The Japanese once saw wolves as benign creatures that guarded their crops. Farmers went to shrines to buy wolf talismans they could place around their grain fields for protection. In some places, the kindly Canis lupus was even honored with stone sculptures.
"It was almost the exact opposite of our 18th and 19th centuries in the American West," says Brett Walker, assistant professor of history at Montana State University in Bozeman, Mont.
But then came 1868, a critical year in Japanese history.
The feudal government of the Tokugawa shoguns fell that year, and Japan turned to the West for help. As part of its effort to create a more modern and western-style country, Japan invited Edwin Dun, a rancher from Ohio, to oversee the establishment of a ranching industry on the northernmost island of Hokkaido.

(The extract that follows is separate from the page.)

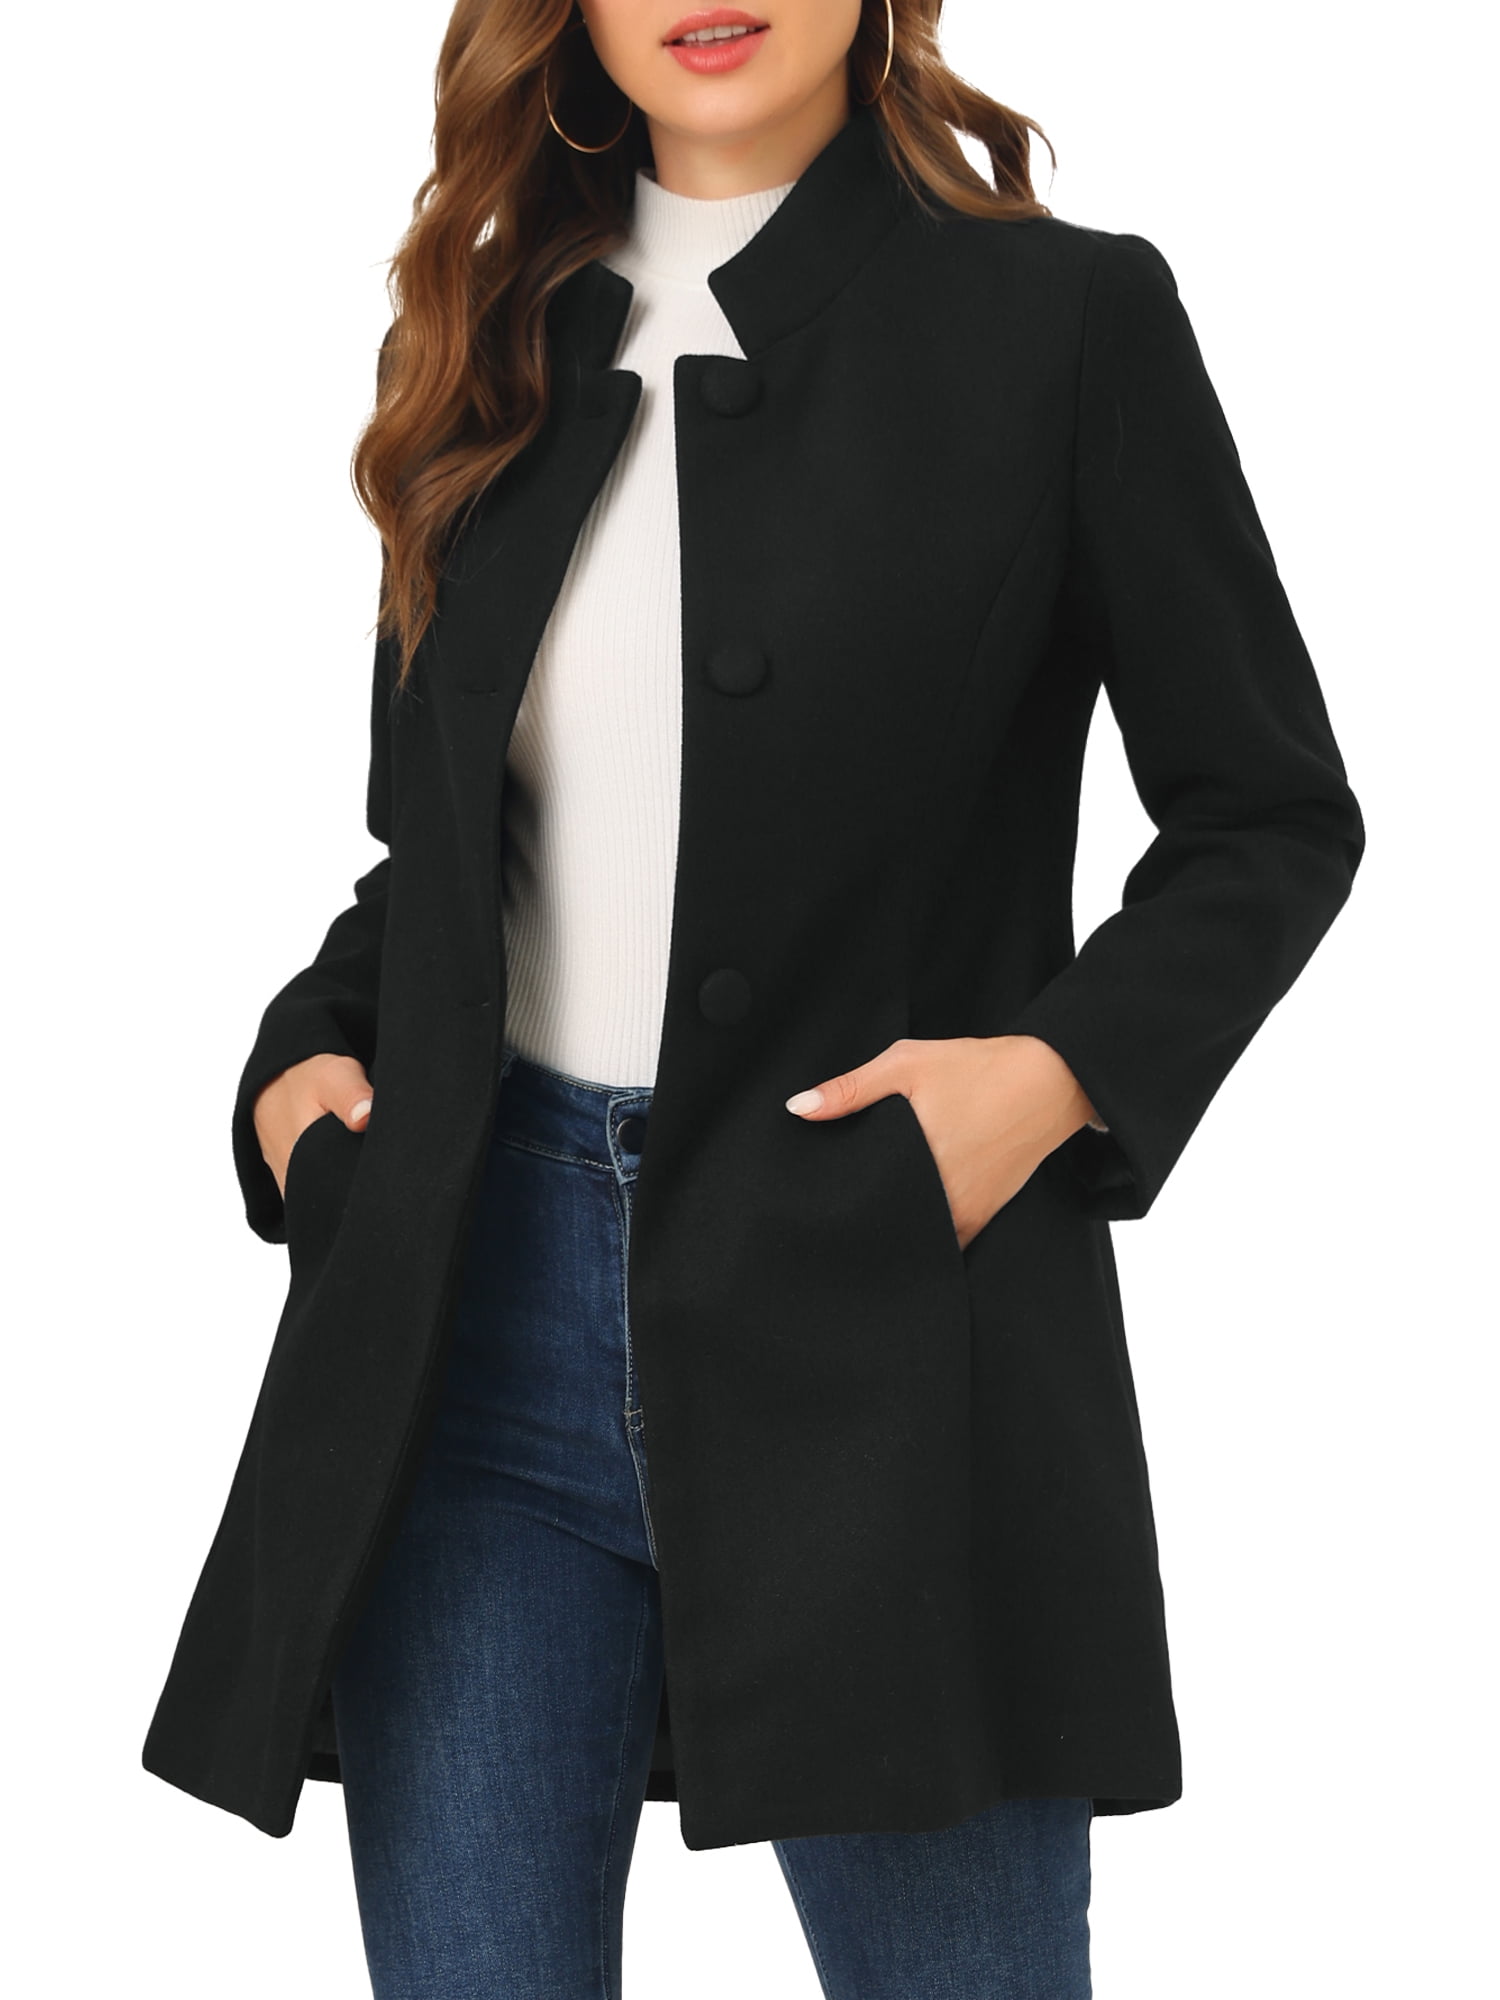 YSJZBS Winter Coats For Women 2023 Trendy,top black of friday deals,cheap  corset,1 cent items only,best christmas gifts,black mini skirt prime at   Women's Coats Shop

"They believed ranching represented the agricultural future of Hokkaido," Walker explained.
Dun introduced American ranching techniques to the Niikappu Ranch, but he also introduced American anxieties toward wolves, Walker continued. Dun advised the Hokkaido Development Board to poison wolves and wild dogs with strychnine. Hunting and bounty systems followed. Ultimately, persecution and other ecological factors caused the Hokkaido wolf to become extinct around 1890. The last Japanese wolf was killed in 1905. Both were distinct subspecies of Canis lupus and different from any wolf found in the United States.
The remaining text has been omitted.